### What to work on
The response should consist of the data below, copied exactly, with no pictures in it.

(Provided data)

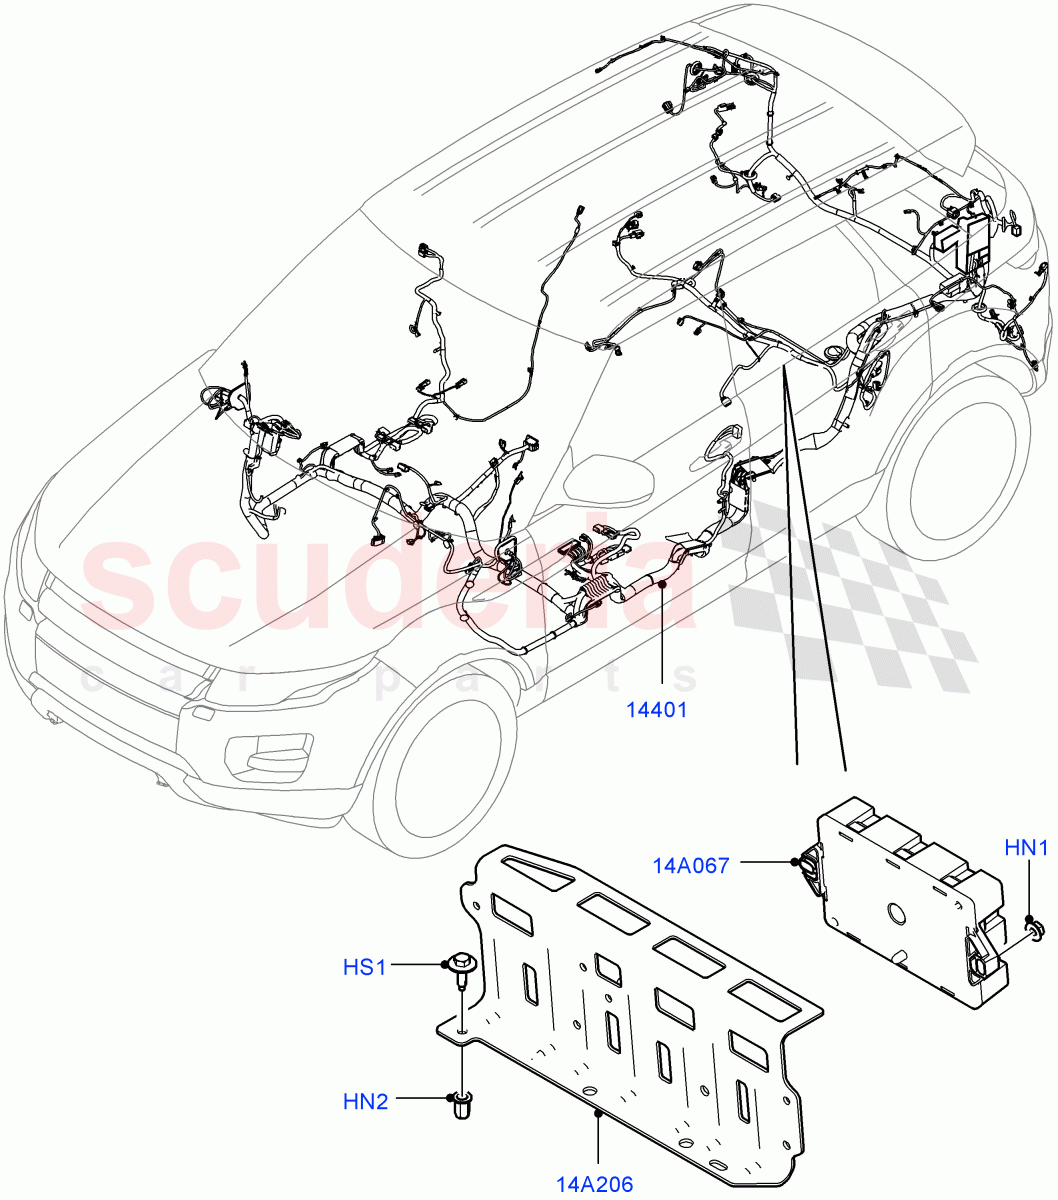 Electrical Wiring - Engine And Dash(Main Harness)(Changsu (China))((V)FROMEG000001) of Land Rover Land Rover Range Rover Evoque (2012-2018) [2.0 Turbo Diesel]
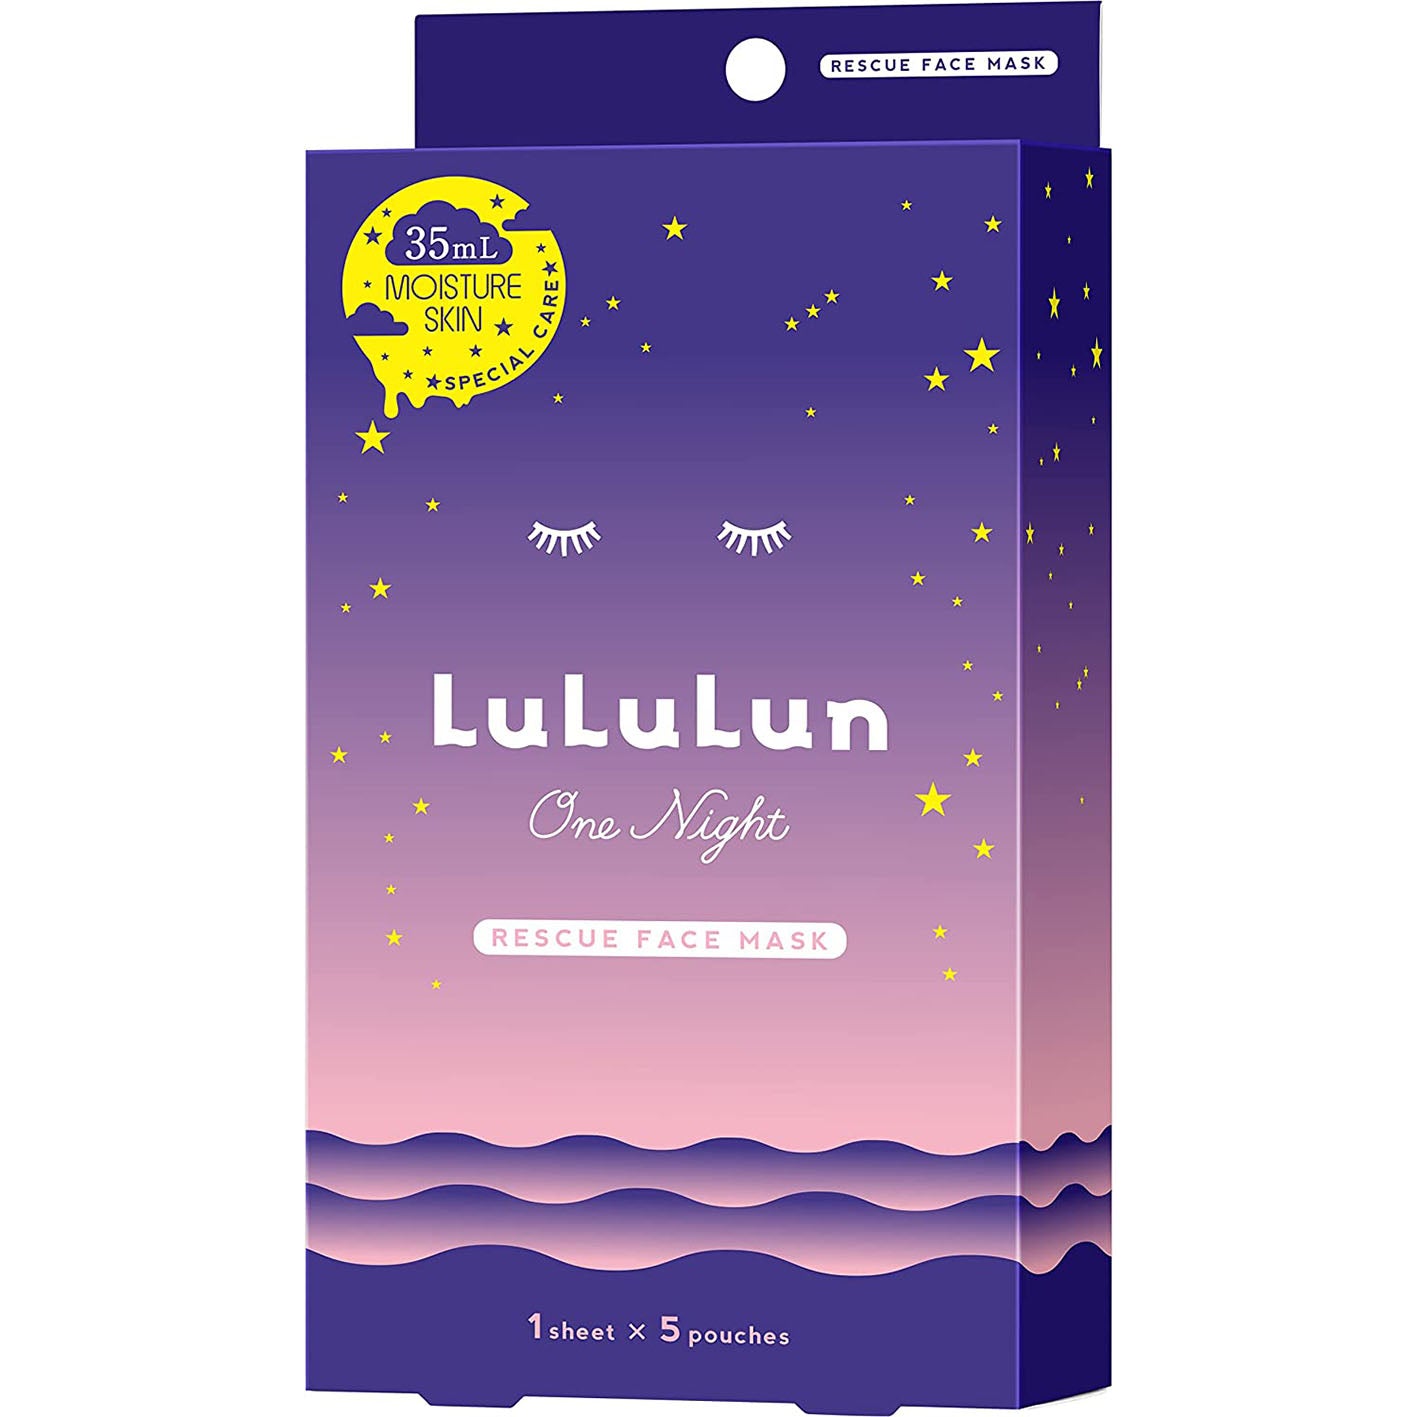 Lululun One Night Rescue Moisturizing Face Mask 5psc - Harajuku Culture Japan - Japanease Products Store Beauty and Stationery
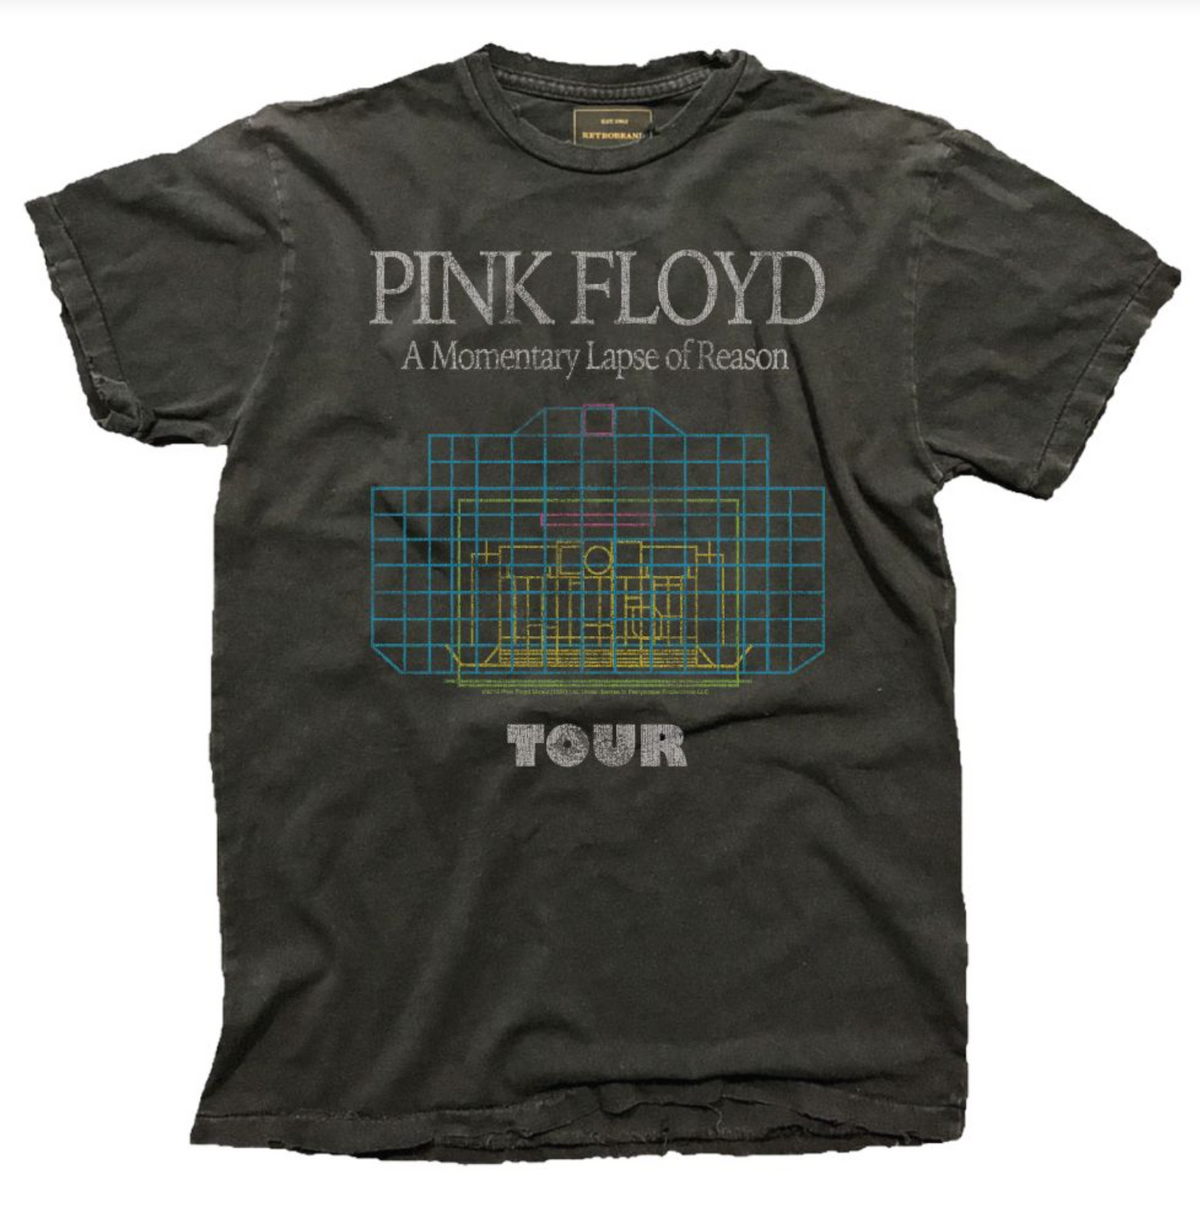 Pink Floyd "A Momentary Lapse of Reason Tour" Black Label Tee
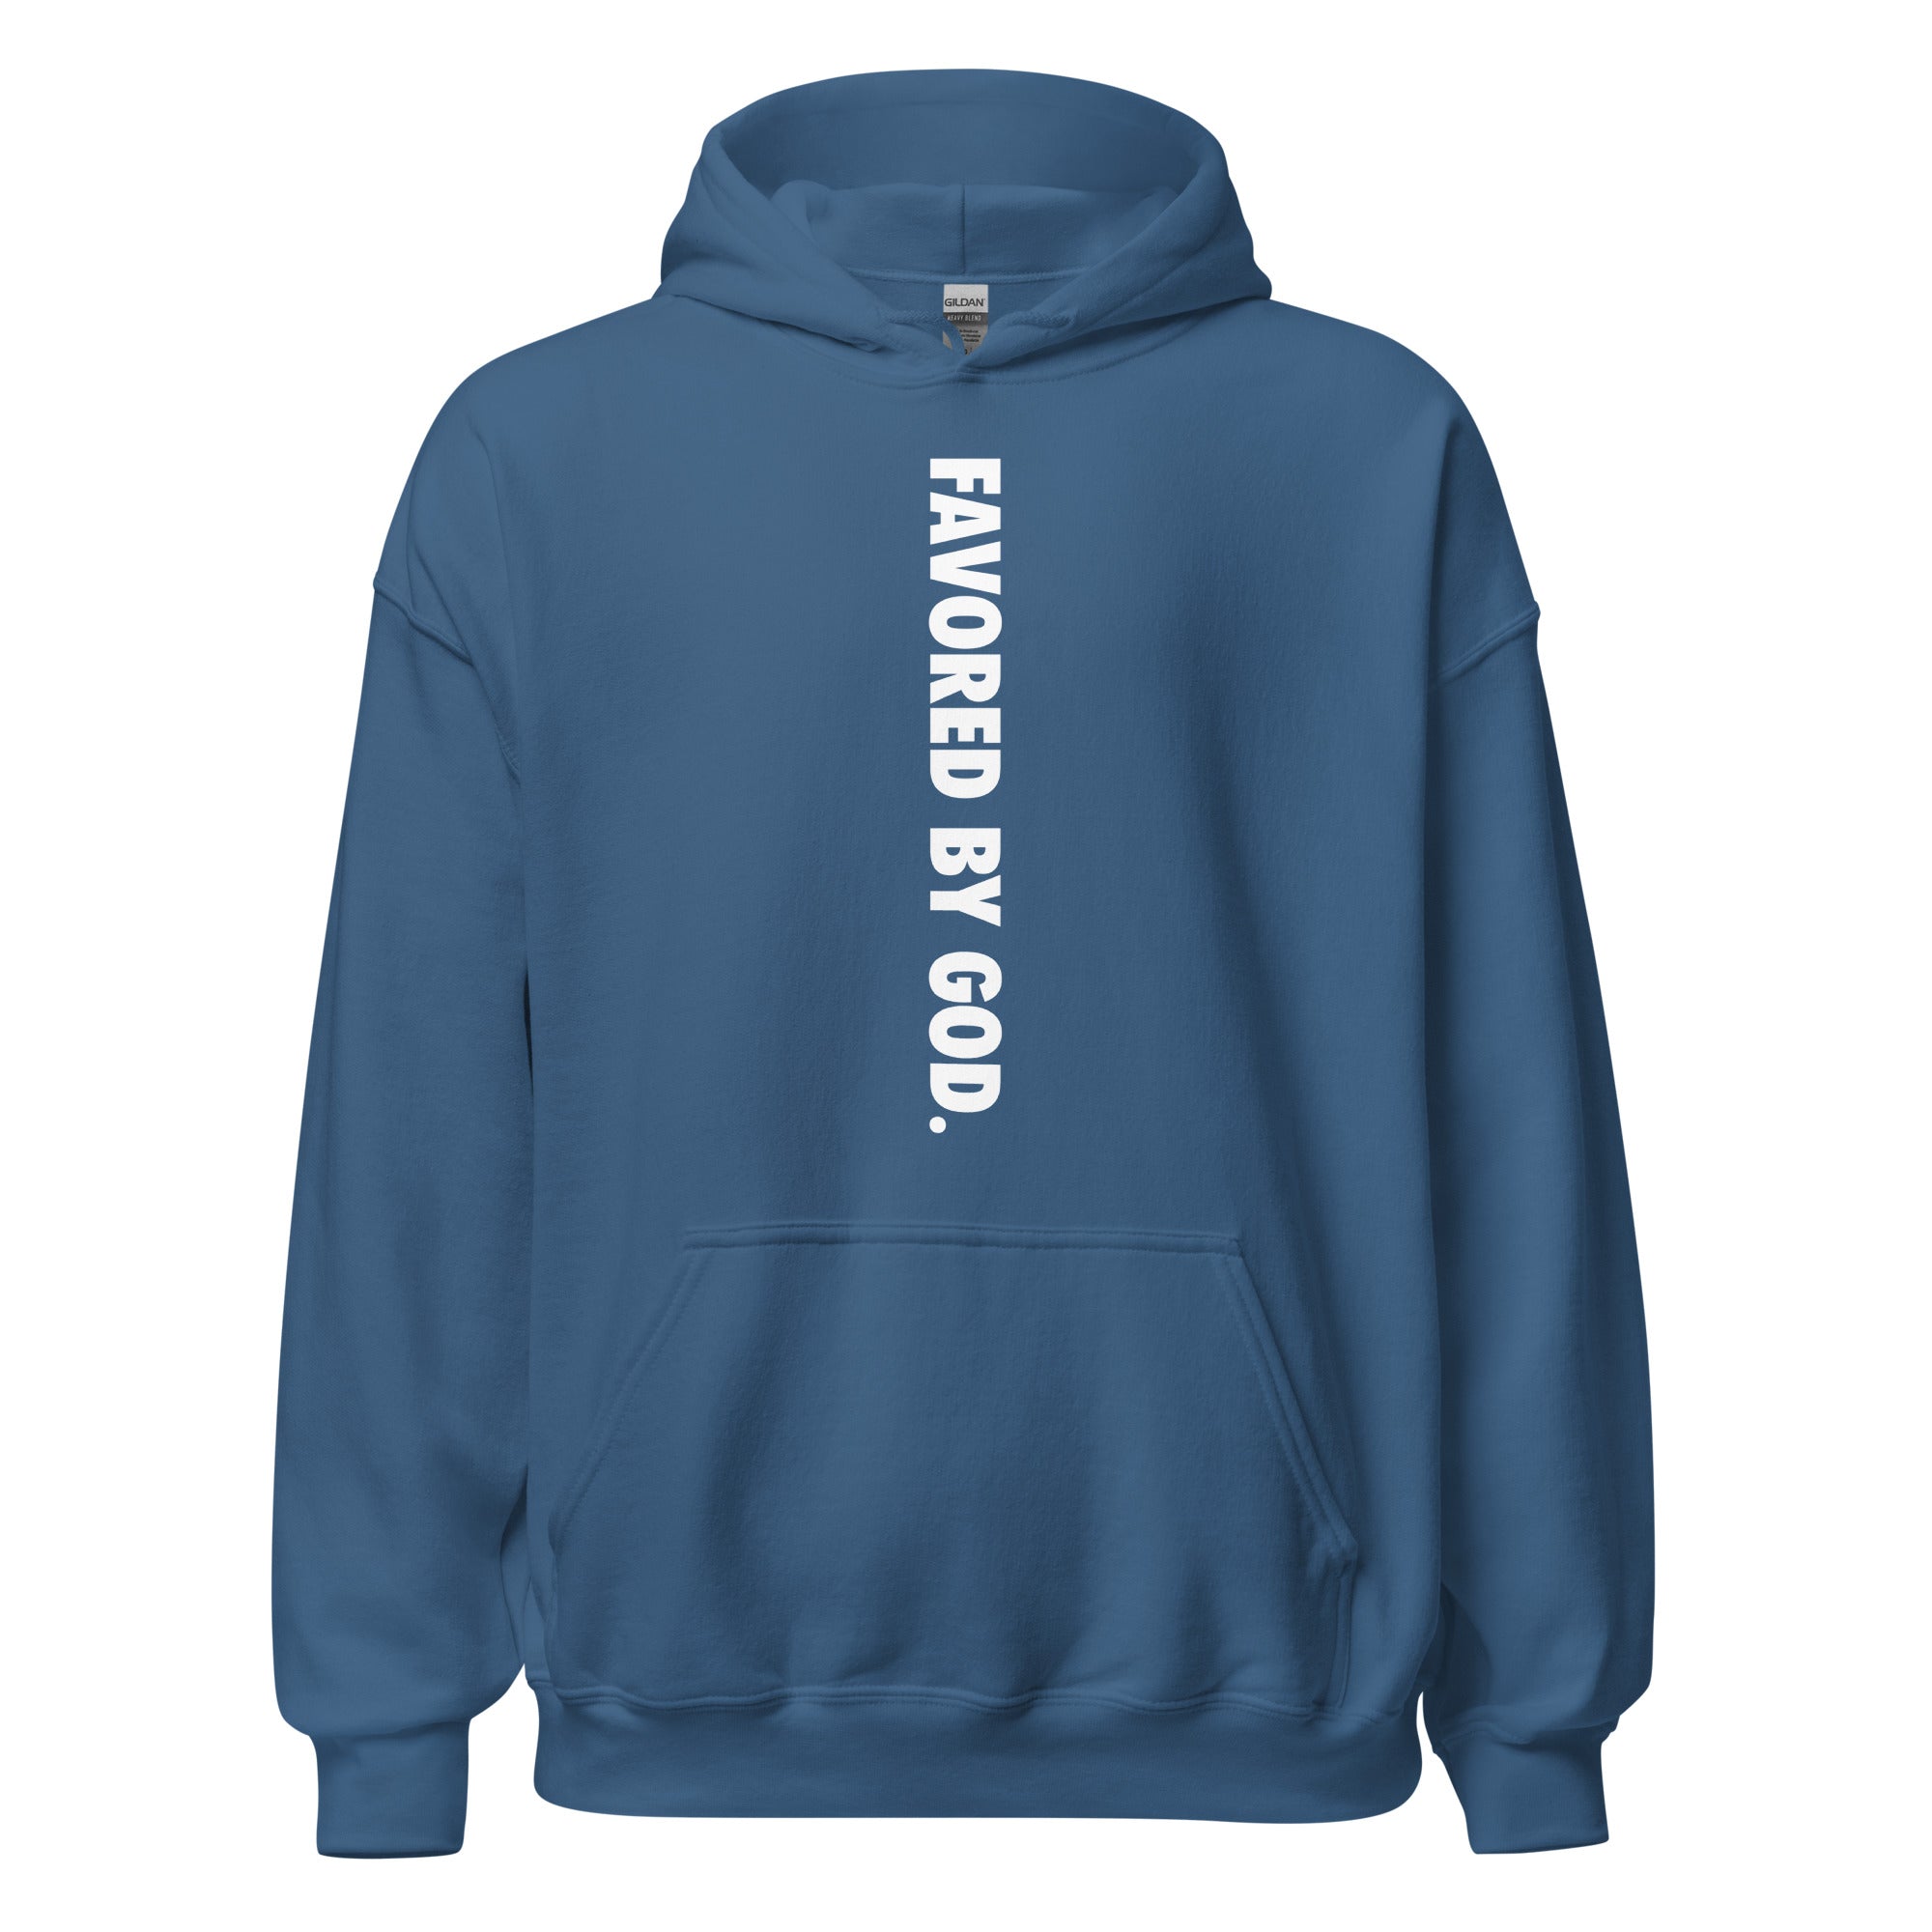 Favored By God Inspired Hoodie

(End Provided data)

### Task result
 Electrical Wiring - Engine And Dash(Main Harness)(Changsu (China))((V)FROMEG000001) of Land Rover Land Rover Range Rover Evoque (2012-2018) [2.0 Turbo Diesel]
 Lululun One Night Rescue Moisturizing Face Mask 5psc - Harajuku Culture Japan - Japanease Products Store Beauty and Stationery
 Pink Floyd "A Momentary Lapse of Reason Tour" Black Label Tee
 Favored By God Inspired Hoodie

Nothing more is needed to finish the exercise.